Saturday, 18 of May of 2013

Category » Overcoming Resistence

You don’t need more time, you just need to decide.

Willie Nelson wrote three hit songs in one day. What patient safety process are you improving today? You don't need more time, you just need to decide. Get moving.

Typically, it takes about six to nine months for a hospital to decide if it wants to do training to improve the communications between its physicians and nurses. Nine months from the time the executive team and Board of Trustees has decided that it can not  allow any more sentinel events in its hospital.

One hospital I worked with had a series of several serious wrong surgeries. After the third one, and in desperation they called me, asking for an immediate call back. They knew their culture was broken. They knew their checklists weren’t being used correctly, if at all.

It took over 24 months for them to decide to take the steps to fix it.
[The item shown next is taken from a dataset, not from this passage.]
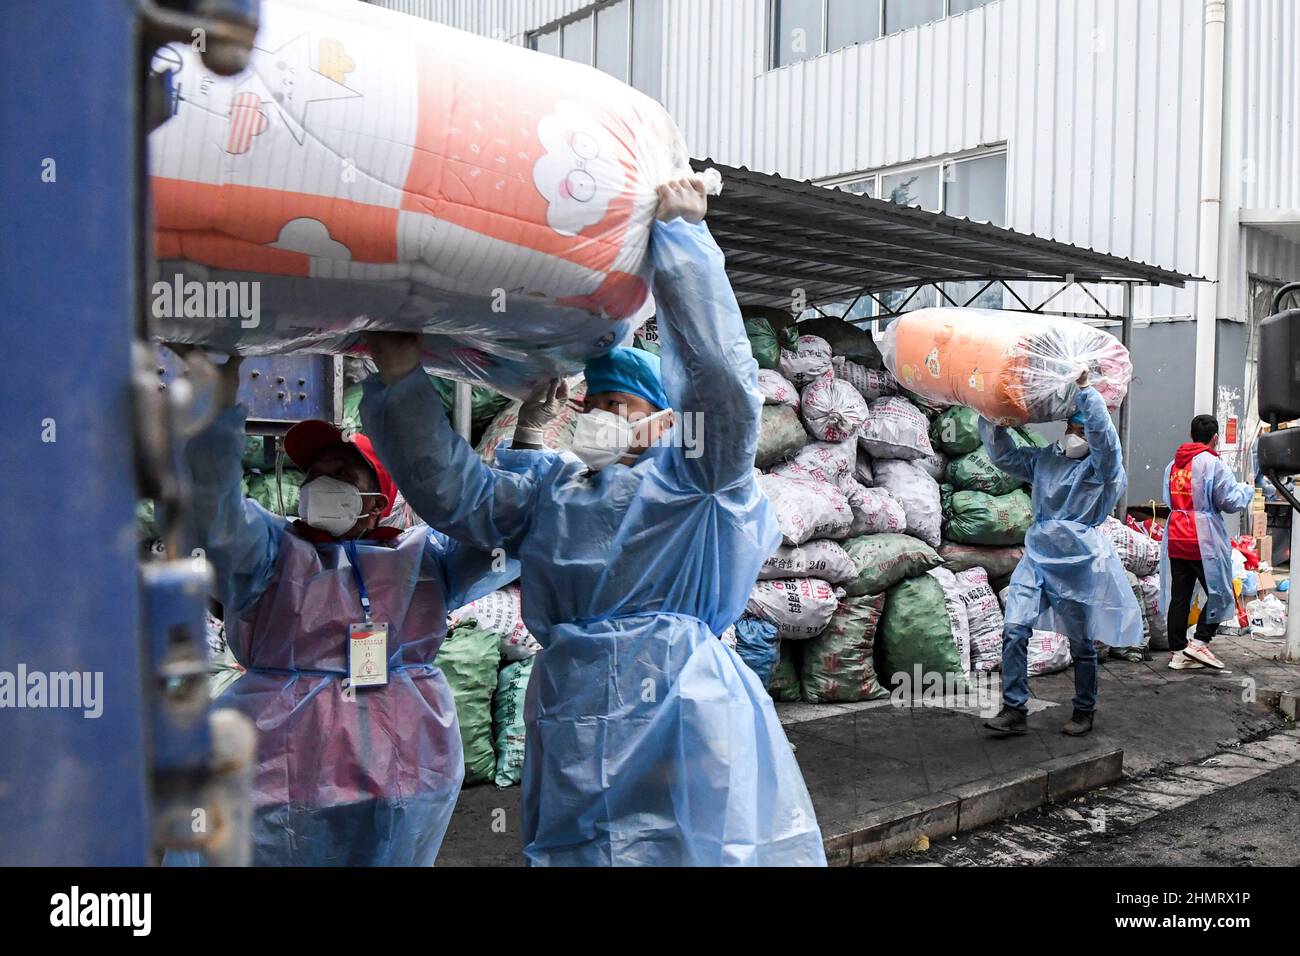 Debao, Región Autónoma de Guangxi Zhuang, China. 11th Feb, 2022. Los trabajadores cargan edredones para el personal de primera línea en el condado de Debao de la ciudad de Baise, región autónoma de Guangxi Zhuang, al sur de China, 11 de febrero de 2022. Los materiales vivos y médicos han sido entregados continuamente a Debao para ayudar a la lucha contra el reciente resurgimiento de la pandemia COVID-19 en el condado. Crédito: Cao Yiming/Xinhua/Alamy Live News Foto de stock

You don’t need more time, you just need to decide.

Read the history of the original Mac and you’ll be amazed at just how fast it got done. Willie Nelson wrote three hit songs in one day. To save the first brand Seth Godin was responsible for, he redesigned five products in less than a day. Seth says It takes a team of six people at Lays potato chips a year to do one product redesign.

The urgent dynamic in patient safety is to ask for signoffs from your executive team and to push forward, relentlessly.

Keep telling your leaders, “I can make this happen. I’ve got it.”

Seth Godin, one of the best project innovators out there says you can feel this relentless move forward happening when you’re around it. “It’s a special sort of teamwork, a confident desperation… not the desperation of hopelessness, but the desperate effort that comes from being hopeful.”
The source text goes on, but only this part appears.